4. Ignition Energy Is Extremely Low (Even Static Can Trigger It)! Hydrogen especially when premixed with oxygen—requires an extraordinarily small amount of energy to ignite. The minimum ignition energy is approximately:~0.007 millijoules For perspective, that is far below the energy produced by a tiny static electricity discharge. That means seemingly ordinary events could theoretically ignite the mixture, including: Plugging in a device Synthetic clothing generating static Dry indoor air A minor electrical spark In other words, oxyhydrogen mixtures can be ignited by energy sources so small they are often unnoticed.

5.Here’s the part most people misunderstand Oxygen is NOT required for molecular hydrogen therapy. In fact: Your body already has ~21% oxygen in the air you breathe Adding more oxygen does not enhance hydrogen’s therapeutic signaling However, oxygen does Increase oxidative load (in excess conditions) increase combustion potential turn hydrogen into a pre-mixed explosive system so you’re adding risk Complexity no additional benefit.

The Bottom Line.

Pure molecular hydrogen and oxyhydrogen are not the same thing. Therapeutic molecular hydrogen is delivered within a carefully controlled, non-combustible concentration range typically 2–4% hydrogen in air. In this range, the gas remains below the flammability threshold and maintains a manageable safety profile.

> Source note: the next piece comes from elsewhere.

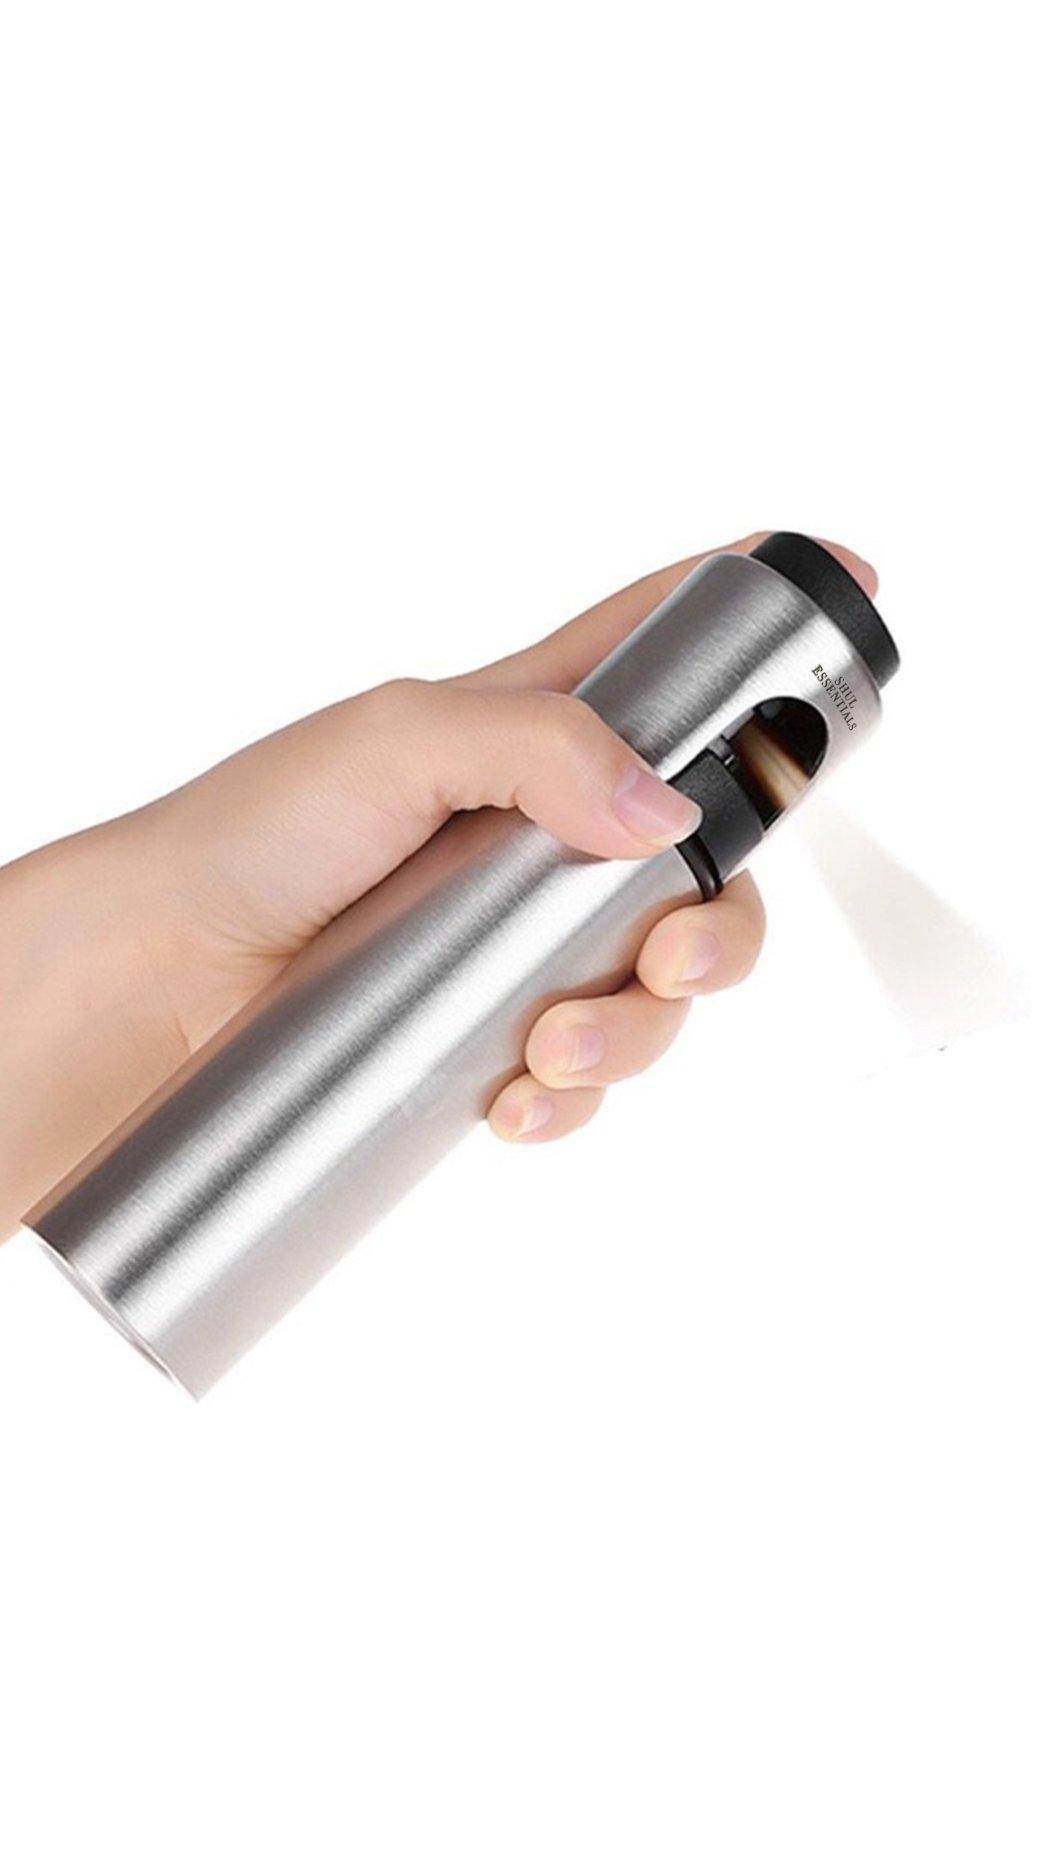 Shul Essentials Cooking Oil Sprayer for Kitchen, Grill/Pan Greaser, Salad Dressing Mister, Refill Olive Canola Vegetable Coconut Vinegar, NonAerosol Clog Free Pressure Pump Dispenser Stainless Steel
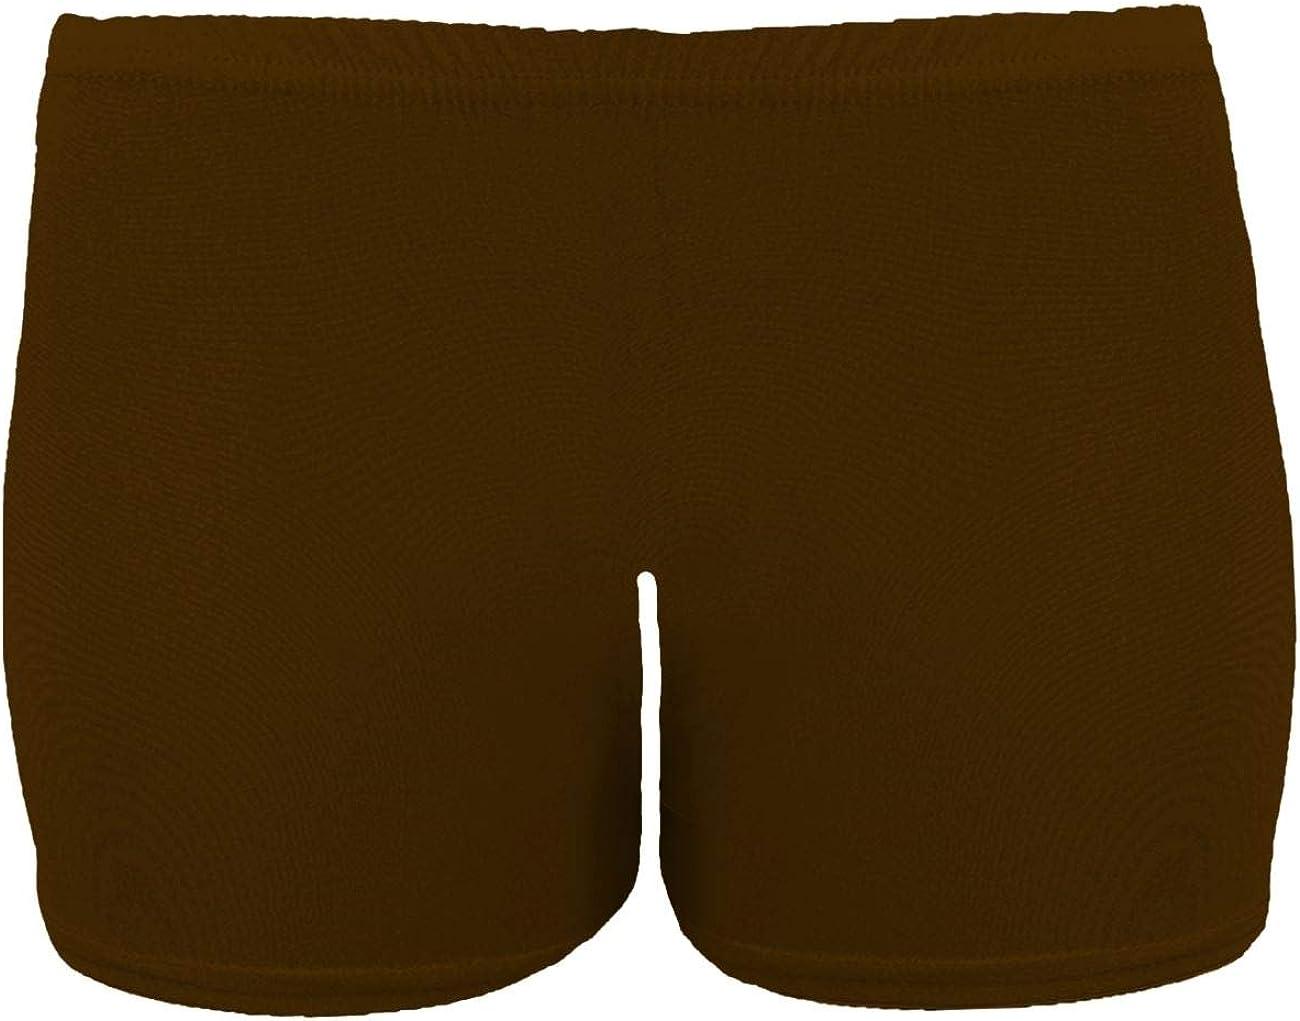 janisramone Girls Kids New Plain Neon Stretchy Gymnastics Dance Shorts School Children Party Wear Hot Pants 5-13 Years

Oxyhydrogen is fundamentally different. It combines hydrogen and oxygen together in the same gas stream, creating a highly unstable mixture with extreme explosion potential. Unlike pure hydrogen therapy, the fuel and oxidizer are already premixed and ready for ignition. The ignition threshold is extraordinarily low, meaning even a tiny static discharge or minor spark could theoretically trigger combustion. Molecular hydrogen has documented therapeutic value as a selective signaling and antioxidant molecule. Adding oxygen into the same gas stream provides no proven therapeutic advantage, while substantially increasing risk. A simple rule for clients: If hydrogen and oxygen are coming out of the same machine together, don’t use it. Instead, use systems that produce pure hydrogen output only, and stay within the established 2-4% therapeutic window. Safety should be controlled through concentration not through unstable gas chemistry.

Before choosing any hydrogen therapy device, understand exactly what gas the system is producing. Safety in molecular hydrogen therapy comes from controlled concentration not from mixing unstable gases together. If a machine is generating hydrogen and oxygen in the same stream, you are no longer dealing with simple molecular hydrogen therapy you are dealing with a highly reactive fuel-and-oxidizer mixture. Choose systems designed to deliver pure molecular hydrogen only, within the established 2–4% therapeutic range. Ask manufacturers direct questions. Request gas composition data. Prioritize safety, transparency, and evidence-based design over marketing claims. When it comes to molecular hydrogen therapy, simpler chemistry is safer chemistry.